When all else fails

Background

The "Incident Handlers Handbook" discusses at length how to respond to security breaches, but the main takeaways are:

• You need to do work before incidents happen to be able to respond effectively.
• Similar measures can lower the rate of incidents.
• You will still have incidents.
• Being in a position to respond effectively can limit damage when incidents occur.

Node's proposed security working group includes in its charter measures to route information about vulnerabilities and fixes to the right places, and coordinate response and disclosure.

Package monitoring services like nodesecurity, GitHub's package graph, snyk, and the nodejs-sec list aim to help vulnerability reports get to those who need them.

Problem

Threats: 0DY

Node's security working group is working on a lot of preparedness issues so we only address a few.

Naming is hard

Each of the groups mentioned above is doing great work trying to help patches get to those who need them. Each seems to be rolling their own naming scheme for vulnerabilities.

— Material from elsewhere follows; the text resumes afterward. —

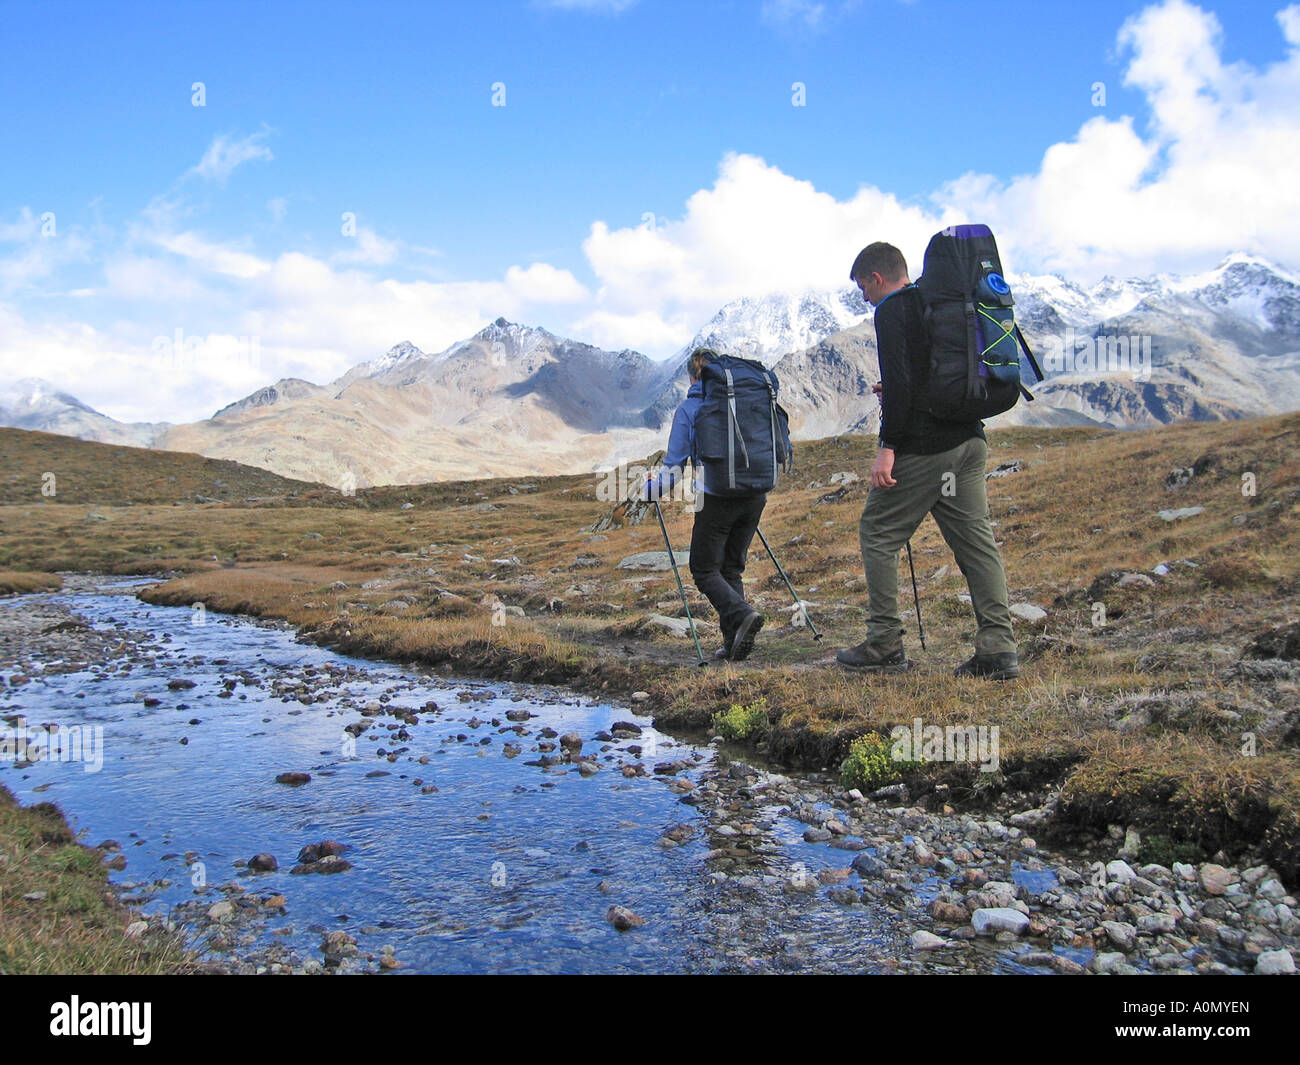 La randonnée alpine Walker's Haute Route - un trek alpin de Chamonix, France à Zermatt, Suisse. Photo David Gale Banque D'Images

The computer security community has a centralized naming scheme for vulnerability reports so that reports don't fall through the cracks. Security responders rarely have the luxury of dealing with a single stack much less a single layer of that stack so mailing lists are not sufficient — if reporters roll their own naming scheme or only disclose via unstructured text, reports will fall through the cracks.

Logging

When trying to diagnose a problem, responders often look to log files. There has been much written on how to protect logs from forgery.

console.log(s);

on a stack node runtime allows an attacker who controls s to write any content to a log.

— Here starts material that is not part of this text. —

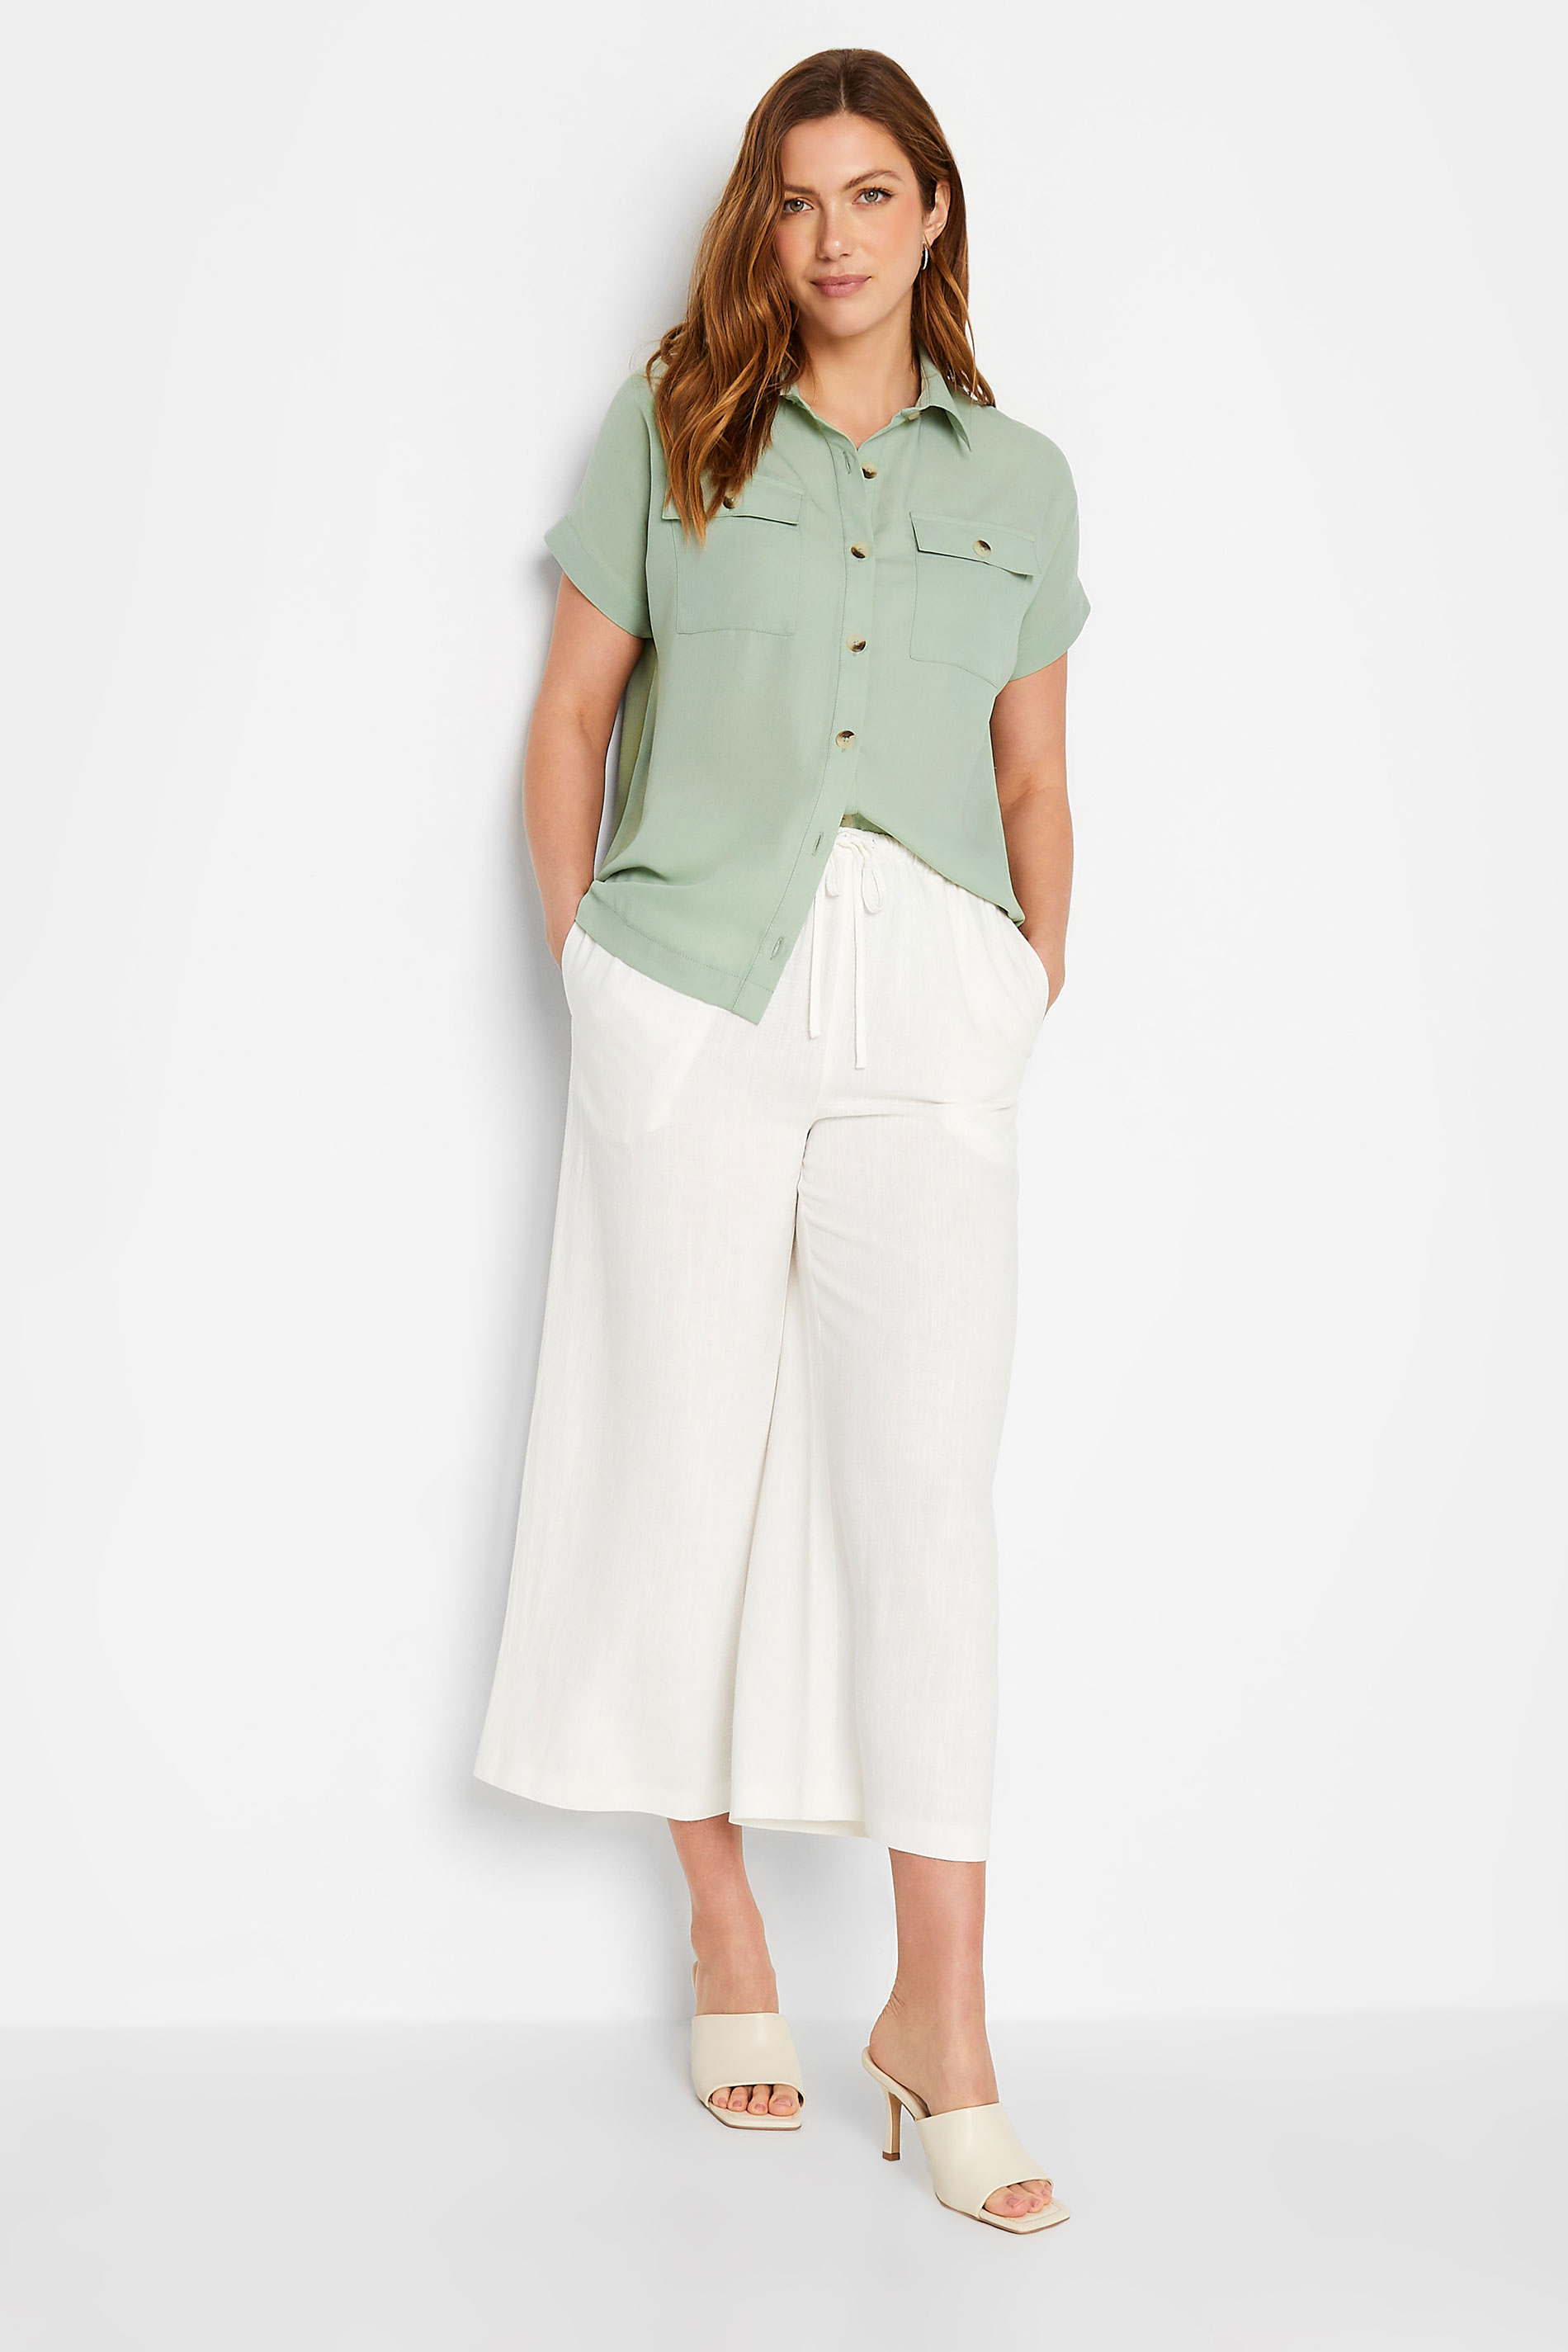 LTS Tall Women's Green Pocket Utility Shirt | Long Tall Sally 2

console.log('MyModule: ' + s);

is a bit better. An attacker has to insert a newline character into s to forge another modules log prefix, and can't get rid of the previous one.

Success Criteria

Incident responders would have the tools necessary to do their jobs if

• Security specialists can subscribe to a stream of notifications that include the vast majority of actionable security disclosures.
• Responders can narrow down which code generated which log entries.

Possible solutions

Naming

Use CVE-IDs if at all possible when disclosing a vulnerability. There is a CNA for Node.js but that doesn't cover non-core npm modules and other CNAs cover runtime dependencies like OpenSSL. If there is no other CNA that is appropriate, MITRE will issue an ID.

Logging

On module load, the builtin module.js creates a new version of require for each module so that it can make sure that the module path gets passed as the module parent parameter.

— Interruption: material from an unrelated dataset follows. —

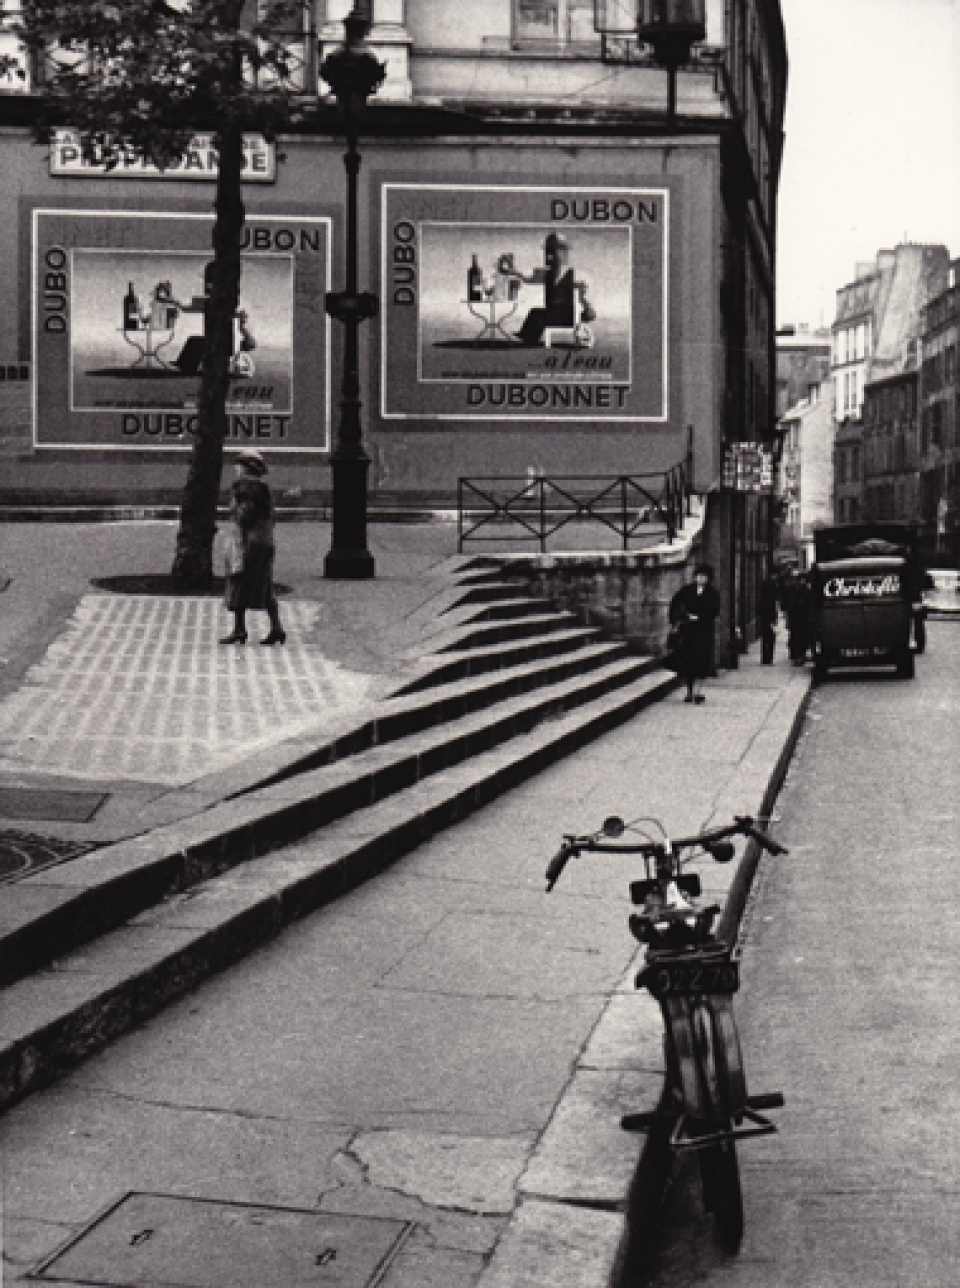 Andre Kertesz. Porte Saint Denis, Paris, 1934

The same mechanism could create a distinct console logger for each module that narrows down the source of a message, and makes it unambiguous where one message ends and the next starts. For example:

1. Replace all /\r\n?/g in the log message text with '\n' and emit a CRLF after the log message to prevent forgery by line splitting.
2. Prefix it with the module filename and a colon.

With this, an incident responder reading a log message can reliably tell that the module mentioned is where the log message originated, as long as the attacker didn't get write access to the log file. Preventing log deletion by other processes is better handled by Linux's FS_APPEND_FL and similar mechanisms than in node.